To decide which variant a non-variant spelling will be changed into, VARD performs word frequency calculations (f-scores). The calculation is a confidence score that weights how probable a variant replacement is. VARD keeps track of how many times it replaces words with specific variants. The f-score is a measure of the precision of a variant’s spelling and its recall (percentage based on how many times a specific variation has replaced the marked variant before). VARD has a normalization threshold that uses the confidence score to determine with which variant to replace a marked variant. That number is by default 50%. If a variant’s confidence score is above 50%, it will replace the early modern word under question. F-scores can be weighted to equally consider precision and recall, or it can be weighted to favor one or the other.
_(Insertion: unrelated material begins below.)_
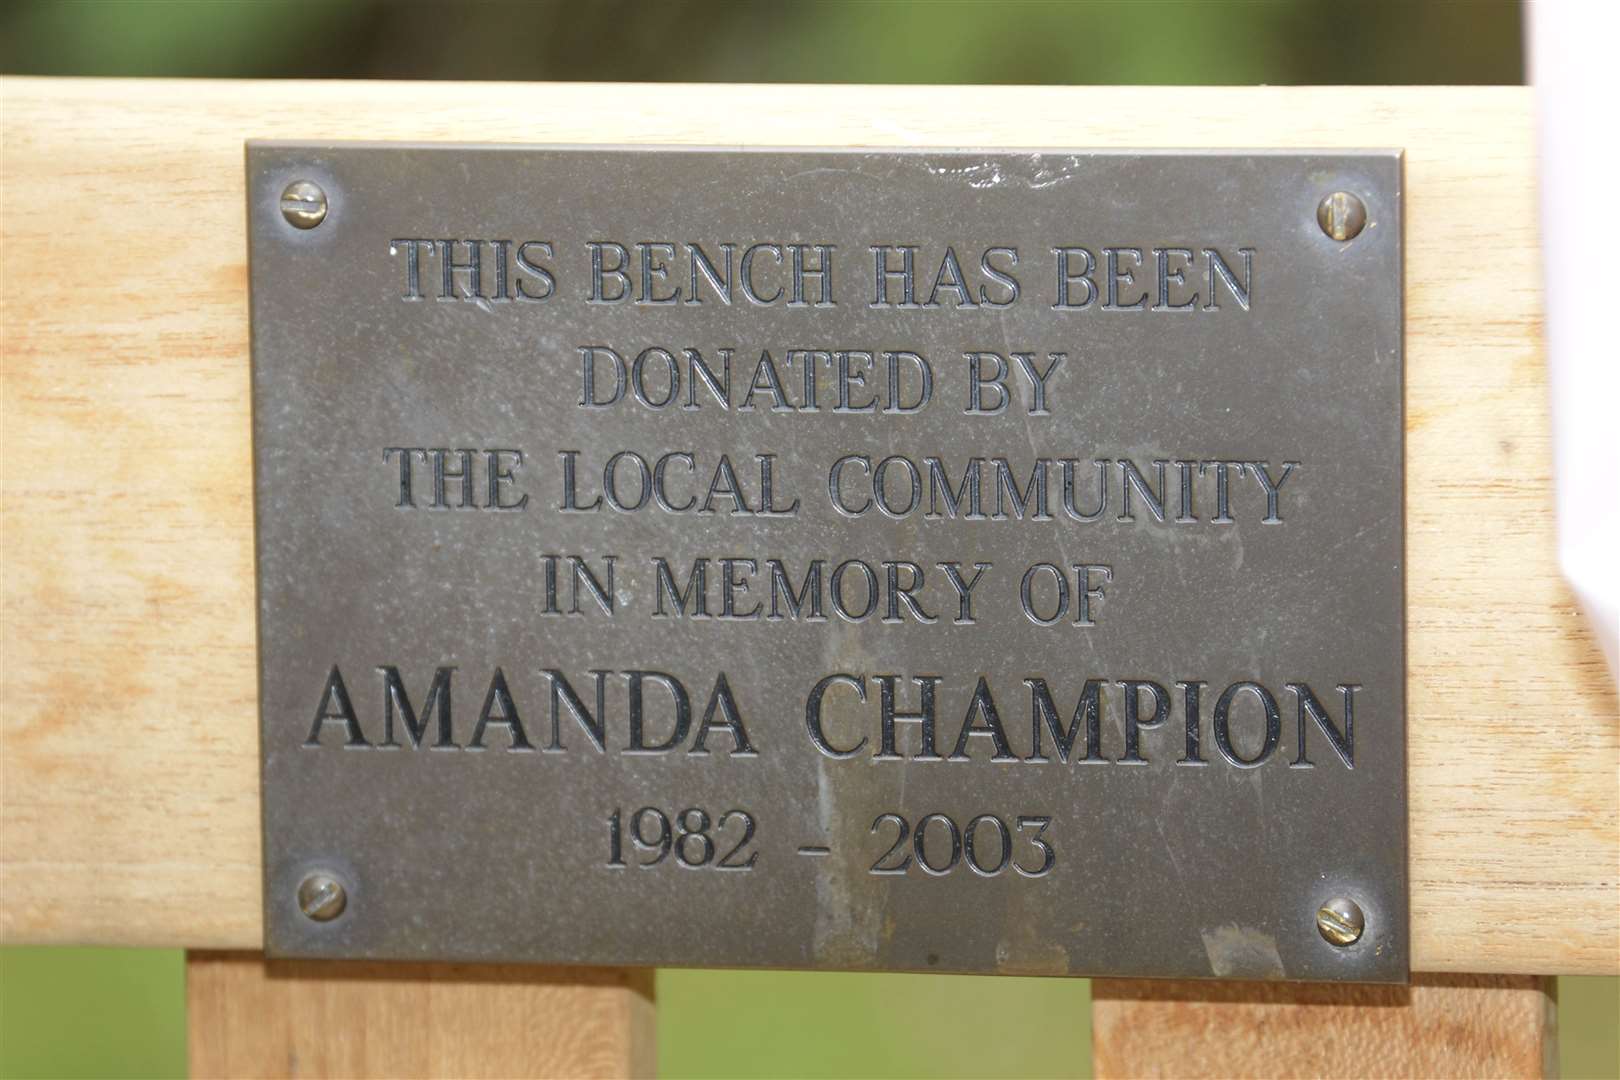 A bench was erected in memory of Amanda Champion in Willesborough

In other words, VARD considers how to replace words according to what may be most correct or most probable based on how many times words occur within a corpus.

Through a GUI, VARD allows users to manually correct texts one at a time or batch process based on the normalization threshold. Users can also process texts through command line. Standardizing the Early Modern drama corpus has required both.

Quite a few posts re: the VARD saga will follow this one, as there are many aspects to explain about our curation experiences. A preview of post topics follow below:

  • Encoding issues before the TEI P4 XML files could be processed by VARD
  • Standardization principles across the corpus (elisions, pronouns, contractions)
  • Counteracting VARD’s questionable, if not amusing, word replacements
  • Generating aggressive spelling standardization rules

Following posts will contain documentation for the early modern drama corpus and tips/tricks for VARD.